Provided material:
----

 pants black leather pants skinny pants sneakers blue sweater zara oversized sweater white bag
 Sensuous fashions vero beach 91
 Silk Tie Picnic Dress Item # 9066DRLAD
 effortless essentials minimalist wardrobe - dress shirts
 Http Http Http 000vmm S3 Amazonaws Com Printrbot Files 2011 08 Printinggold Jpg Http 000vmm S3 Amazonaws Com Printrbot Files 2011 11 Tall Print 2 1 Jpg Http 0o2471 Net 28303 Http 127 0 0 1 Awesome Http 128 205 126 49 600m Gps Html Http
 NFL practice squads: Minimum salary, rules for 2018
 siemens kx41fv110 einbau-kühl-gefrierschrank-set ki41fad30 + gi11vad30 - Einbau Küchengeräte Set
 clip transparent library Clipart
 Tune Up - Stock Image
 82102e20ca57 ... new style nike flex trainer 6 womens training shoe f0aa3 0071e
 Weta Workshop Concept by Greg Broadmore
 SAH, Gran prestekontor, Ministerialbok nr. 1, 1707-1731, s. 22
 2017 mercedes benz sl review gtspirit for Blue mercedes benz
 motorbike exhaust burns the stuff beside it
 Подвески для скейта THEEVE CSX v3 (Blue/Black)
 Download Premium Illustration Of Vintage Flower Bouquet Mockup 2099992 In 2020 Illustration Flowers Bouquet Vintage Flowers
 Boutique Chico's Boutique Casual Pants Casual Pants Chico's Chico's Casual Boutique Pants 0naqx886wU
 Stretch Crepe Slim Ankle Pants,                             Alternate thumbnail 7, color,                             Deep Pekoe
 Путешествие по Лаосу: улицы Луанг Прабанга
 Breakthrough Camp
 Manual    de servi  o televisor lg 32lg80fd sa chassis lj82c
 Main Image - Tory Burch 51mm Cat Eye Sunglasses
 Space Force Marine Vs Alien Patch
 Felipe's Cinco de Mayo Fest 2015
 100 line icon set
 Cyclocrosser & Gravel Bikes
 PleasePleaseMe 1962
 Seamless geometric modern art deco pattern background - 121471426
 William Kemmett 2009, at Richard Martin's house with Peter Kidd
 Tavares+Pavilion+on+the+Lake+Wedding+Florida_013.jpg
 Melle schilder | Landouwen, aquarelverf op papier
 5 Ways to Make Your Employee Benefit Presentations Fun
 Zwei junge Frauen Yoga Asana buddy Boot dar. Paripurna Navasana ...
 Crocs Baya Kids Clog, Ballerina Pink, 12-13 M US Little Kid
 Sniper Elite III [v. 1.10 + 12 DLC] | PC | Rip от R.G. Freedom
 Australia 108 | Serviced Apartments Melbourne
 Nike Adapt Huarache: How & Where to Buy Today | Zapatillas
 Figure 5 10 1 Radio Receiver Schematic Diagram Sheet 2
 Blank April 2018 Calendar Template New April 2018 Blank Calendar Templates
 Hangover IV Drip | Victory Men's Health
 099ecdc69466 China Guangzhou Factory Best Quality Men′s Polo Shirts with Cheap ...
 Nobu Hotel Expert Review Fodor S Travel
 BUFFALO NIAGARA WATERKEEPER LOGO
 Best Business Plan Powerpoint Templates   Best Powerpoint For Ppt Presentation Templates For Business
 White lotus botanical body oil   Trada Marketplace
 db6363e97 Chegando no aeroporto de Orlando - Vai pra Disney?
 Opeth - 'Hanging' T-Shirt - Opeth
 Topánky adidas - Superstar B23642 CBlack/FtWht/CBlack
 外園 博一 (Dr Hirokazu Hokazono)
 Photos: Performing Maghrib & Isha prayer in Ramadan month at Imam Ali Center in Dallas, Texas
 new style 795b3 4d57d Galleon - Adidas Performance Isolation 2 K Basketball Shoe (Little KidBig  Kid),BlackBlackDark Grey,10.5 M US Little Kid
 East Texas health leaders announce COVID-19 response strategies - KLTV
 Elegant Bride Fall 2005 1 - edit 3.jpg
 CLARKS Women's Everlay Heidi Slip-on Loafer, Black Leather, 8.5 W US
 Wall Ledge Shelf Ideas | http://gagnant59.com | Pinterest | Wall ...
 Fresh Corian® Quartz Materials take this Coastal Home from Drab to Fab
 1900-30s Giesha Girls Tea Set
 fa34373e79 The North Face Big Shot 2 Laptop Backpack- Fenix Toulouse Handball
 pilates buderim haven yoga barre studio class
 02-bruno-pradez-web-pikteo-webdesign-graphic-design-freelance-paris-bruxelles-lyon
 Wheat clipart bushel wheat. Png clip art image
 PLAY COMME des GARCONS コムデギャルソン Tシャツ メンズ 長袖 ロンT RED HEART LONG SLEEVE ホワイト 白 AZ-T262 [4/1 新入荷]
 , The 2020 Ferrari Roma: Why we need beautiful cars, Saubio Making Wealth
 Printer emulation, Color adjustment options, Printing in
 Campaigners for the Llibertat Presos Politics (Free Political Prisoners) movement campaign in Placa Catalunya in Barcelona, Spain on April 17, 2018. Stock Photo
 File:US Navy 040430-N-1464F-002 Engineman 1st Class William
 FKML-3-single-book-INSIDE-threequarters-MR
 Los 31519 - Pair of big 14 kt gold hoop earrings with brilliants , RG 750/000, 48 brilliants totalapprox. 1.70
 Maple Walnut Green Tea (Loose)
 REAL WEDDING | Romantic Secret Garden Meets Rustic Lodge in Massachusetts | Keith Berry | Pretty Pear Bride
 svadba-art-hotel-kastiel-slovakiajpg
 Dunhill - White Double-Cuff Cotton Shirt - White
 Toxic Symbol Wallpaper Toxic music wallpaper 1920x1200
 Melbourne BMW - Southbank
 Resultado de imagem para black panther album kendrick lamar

----

Task statement: As listed above, the lines from the line with "Silk Tie Picnic Dress Item # 9066DRLAD" to the line with "Tune Up - Stock Image" are to be echoed exactly, with both ends included and nothing added.

Solution for this exercise:
 Silk Tie Picnic Dress Item # 9066DRLAD
 effortless essentials minimalist wardrobe - dress shirts
 Http Http Http 000vmm S3 Amazonaws Com Printrbot Files 2011 08 Printinggold Jpg Http 000vmm S3 Amazonaws Com Printrbot Files 2011 11 Tall Print 2 1 Jpg Http 0o2471 Net 28303 Http 127 0 0 1 Awesome Http 128 205 126 49 600m Gps Html Http
 NFL practice squads: Minimum salary, rules for 2018
 siemens kx41fv110 einbau-kühl-gefrierschrank-set ki41fad30 + gi11vad30 - Einbau Küchengeräte Set
 clip transparent library Clipart
 Tune Up - Stock Image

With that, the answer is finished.